Dataset excerpts:
########

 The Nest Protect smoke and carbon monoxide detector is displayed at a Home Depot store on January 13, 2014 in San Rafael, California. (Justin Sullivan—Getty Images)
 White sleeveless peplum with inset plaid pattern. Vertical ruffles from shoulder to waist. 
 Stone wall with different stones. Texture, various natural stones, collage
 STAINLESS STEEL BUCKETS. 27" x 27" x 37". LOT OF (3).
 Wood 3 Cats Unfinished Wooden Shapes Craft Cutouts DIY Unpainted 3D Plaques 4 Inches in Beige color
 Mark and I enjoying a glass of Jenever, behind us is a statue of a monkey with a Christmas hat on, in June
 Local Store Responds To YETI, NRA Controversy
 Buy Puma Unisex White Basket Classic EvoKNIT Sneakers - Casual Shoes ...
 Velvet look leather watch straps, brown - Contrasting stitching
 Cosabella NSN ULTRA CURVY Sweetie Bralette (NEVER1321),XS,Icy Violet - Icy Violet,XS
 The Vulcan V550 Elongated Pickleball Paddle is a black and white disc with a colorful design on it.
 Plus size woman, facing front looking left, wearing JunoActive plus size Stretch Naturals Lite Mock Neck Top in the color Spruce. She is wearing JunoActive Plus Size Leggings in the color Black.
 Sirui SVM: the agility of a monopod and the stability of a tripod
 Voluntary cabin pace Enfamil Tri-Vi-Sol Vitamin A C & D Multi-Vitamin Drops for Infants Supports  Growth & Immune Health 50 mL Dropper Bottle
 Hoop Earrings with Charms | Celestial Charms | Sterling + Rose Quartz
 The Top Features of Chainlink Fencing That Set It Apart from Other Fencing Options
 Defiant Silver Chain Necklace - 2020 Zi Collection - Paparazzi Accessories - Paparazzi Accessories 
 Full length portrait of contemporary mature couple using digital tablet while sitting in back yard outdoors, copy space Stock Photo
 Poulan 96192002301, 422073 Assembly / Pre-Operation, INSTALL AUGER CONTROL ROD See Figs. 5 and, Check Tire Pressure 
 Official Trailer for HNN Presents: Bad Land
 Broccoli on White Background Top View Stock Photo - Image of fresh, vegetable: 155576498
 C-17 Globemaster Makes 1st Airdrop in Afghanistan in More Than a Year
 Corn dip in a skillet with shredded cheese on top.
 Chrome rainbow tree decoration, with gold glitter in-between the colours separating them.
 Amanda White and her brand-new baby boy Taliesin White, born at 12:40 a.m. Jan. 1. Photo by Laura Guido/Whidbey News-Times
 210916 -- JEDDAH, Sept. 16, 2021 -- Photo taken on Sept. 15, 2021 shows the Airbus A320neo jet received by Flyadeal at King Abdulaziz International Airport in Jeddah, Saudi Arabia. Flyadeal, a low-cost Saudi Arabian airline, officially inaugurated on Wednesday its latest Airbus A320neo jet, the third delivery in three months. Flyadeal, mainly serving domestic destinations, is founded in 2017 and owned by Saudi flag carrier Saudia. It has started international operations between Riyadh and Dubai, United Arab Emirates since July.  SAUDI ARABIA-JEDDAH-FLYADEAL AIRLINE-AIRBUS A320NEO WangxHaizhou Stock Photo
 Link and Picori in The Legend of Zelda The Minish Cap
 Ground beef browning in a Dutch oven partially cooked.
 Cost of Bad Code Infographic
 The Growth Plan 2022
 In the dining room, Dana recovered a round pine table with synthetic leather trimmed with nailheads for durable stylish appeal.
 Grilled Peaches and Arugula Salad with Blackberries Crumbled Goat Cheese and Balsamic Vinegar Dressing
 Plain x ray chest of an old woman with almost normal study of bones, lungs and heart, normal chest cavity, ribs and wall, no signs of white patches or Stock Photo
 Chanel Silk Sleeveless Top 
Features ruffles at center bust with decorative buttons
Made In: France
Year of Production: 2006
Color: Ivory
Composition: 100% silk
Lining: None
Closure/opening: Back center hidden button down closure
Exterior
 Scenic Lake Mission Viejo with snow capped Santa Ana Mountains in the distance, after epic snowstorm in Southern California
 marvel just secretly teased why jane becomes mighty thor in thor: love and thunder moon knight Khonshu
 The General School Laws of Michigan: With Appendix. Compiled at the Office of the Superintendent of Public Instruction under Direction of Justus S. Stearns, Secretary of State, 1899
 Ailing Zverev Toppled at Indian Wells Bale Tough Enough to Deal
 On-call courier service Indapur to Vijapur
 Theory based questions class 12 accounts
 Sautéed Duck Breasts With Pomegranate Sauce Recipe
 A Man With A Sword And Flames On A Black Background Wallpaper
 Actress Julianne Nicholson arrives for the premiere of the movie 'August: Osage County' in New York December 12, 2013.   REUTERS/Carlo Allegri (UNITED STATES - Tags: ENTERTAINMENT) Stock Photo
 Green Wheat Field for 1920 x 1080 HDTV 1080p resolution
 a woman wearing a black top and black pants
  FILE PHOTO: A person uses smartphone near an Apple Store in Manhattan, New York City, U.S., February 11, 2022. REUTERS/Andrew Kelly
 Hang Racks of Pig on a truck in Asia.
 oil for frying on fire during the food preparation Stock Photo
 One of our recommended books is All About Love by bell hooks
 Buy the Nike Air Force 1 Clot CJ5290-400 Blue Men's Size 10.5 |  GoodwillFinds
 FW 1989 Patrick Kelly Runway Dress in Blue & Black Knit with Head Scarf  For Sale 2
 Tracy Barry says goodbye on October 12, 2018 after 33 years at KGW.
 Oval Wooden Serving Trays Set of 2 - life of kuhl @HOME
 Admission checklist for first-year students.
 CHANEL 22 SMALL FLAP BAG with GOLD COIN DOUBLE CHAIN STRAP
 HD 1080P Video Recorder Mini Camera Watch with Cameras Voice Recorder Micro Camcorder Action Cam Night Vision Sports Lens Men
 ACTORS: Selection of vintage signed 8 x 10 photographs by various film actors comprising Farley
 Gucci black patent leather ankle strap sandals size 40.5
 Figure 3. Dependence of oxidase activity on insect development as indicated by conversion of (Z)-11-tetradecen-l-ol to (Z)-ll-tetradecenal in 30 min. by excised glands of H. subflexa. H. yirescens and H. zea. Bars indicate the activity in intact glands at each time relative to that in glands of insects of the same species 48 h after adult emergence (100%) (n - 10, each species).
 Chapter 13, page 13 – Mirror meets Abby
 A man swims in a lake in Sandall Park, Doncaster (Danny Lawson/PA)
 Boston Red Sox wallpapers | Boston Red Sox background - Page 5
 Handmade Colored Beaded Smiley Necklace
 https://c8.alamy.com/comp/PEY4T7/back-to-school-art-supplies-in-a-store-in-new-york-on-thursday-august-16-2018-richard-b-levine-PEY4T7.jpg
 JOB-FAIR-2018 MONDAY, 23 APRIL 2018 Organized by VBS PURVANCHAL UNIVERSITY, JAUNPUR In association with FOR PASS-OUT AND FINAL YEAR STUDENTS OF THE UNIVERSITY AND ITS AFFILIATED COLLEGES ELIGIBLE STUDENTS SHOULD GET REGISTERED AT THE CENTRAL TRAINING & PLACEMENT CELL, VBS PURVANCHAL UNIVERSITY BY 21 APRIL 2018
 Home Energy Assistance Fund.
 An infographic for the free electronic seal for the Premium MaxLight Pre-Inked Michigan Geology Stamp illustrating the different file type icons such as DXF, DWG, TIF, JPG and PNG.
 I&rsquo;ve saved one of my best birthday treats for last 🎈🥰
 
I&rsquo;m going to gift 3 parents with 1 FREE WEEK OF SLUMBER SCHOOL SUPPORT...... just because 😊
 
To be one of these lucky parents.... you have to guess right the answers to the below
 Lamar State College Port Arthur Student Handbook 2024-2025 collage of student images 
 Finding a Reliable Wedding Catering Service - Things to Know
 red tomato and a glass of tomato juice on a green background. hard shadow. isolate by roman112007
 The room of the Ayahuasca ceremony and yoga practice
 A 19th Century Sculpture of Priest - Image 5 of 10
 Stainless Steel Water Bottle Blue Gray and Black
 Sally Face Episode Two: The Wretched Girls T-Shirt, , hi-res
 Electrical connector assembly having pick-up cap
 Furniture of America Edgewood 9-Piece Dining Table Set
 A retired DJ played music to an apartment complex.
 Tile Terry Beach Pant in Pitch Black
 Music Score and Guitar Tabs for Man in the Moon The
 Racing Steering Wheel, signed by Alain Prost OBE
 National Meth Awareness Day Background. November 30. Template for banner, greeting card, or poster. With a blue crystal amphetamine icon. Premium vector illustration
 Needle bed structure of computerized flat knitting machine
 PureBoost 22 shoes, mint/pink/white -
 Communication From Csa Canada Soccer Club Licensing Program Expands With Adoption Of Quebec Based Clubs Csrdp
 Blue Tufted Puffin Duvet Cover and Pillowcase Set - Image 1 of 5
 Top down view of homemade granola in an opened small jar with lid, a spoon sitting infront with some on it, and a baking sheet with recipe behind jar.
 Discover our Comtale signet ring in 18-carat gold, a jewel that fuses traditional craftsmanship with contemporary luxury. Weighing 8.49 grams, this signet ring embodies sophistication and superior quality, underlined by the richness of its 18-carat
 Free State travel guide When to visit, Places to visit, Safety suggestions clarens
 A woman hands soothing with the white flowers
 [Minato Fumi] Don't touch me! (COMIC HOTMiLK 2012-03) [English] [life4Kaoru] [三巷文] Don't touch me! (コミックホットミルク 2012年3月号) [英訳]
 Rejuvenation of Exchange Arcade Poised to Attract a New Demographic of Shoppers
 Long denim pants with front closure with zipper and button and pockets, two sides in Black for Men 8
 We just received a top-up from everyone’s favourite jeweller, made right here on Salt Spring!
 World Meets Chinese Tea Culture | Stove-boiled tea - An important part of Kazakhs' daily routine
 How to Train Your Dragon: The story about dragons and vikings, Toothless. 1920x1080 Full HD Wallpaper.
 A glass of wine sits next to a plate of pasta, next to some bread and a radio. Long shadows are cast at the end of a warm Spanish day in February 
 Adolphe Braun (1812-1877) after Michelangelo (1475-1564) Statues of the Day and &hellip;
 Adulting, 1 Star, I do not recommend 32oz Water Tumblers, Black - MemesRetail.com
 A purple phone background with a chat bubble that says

########

» **Exercise instructions**
Return, word for word, the lines of the data above from the line with "White sleeveless peplum" through the line with "Official Trailer for HNN Presents: Bad Land", inclusive.

» **Solution**
 White sleeveless peplum with inset plaid pattern. Vertical ruffles from shoulder to waist. 
 Stone wall with different stones. Texture, various natural stones, collage
 STAINLESS STEEL BUCKETS. 27" x 27" x 37". LOT OF (3).
 Wood 3 Cats Unfinished Wooden Shapes Craft Cutouts DIY Unpainted 3D Plaques 4 Inches in Beige color
 Mark and I enjoying a glass of Jenever, behind us is a statue of a monkey with a Christmas hat on, in June
 Local Store Responds To YETI, NRA Controversy
 Buy Puma Unisex White Basket Classic EvoKNIT Sneakers - Casual Shoes ...
 Velvet look leather watch straps, brown - Contrasting stitching
 Cosabella NSN ULTRA CURVY Sweetie Bralette (NEVER1321),XS,Icy Violet - Icy Violet,XS
 The Vulcan V550 Elongated Pickleball Paddle is a black and white disc with a colorful design on it.
 Plus size woman, facing front looking left, wearing JunoActive plus size Stretch Naturals Lite Mock Neck Top in the color Spruce. She is wearing JunoActive Plus Size Leggings in the color Black.
 Sirui SVM: the agility of a monopod and the stability of a tripod
 Voluntary cabin pace Enfamil Tri-Vi-Sol Vitamin A C & D Multi-Vitamin Drops for Infants Supports  Growth & Immune Health 50 mL Dropper Bottle
 Hoop Earrings with Charms | Celestial Charms | Sterling + Rose Quartz
 The Top Features of Chainlink Fencing That Set It Apart from Other Fencing Options
 Defiant Silver Chain Necklace - 2020 Zi Collection - Paparazzi Accessories - Paparazzi Accessories 
 Full length portrait of contemporary mature couple using digital tablet while sitting in back yard outdoors, copy space Stock Photo
 Poulan 96192002301, 422073 Assembly / Pre-Operation, INSTALL AUGER CONTROL ROD See Figs. 5 and, Check Tire Pressure 
 Official Trailer for HNN Presents: Bad Land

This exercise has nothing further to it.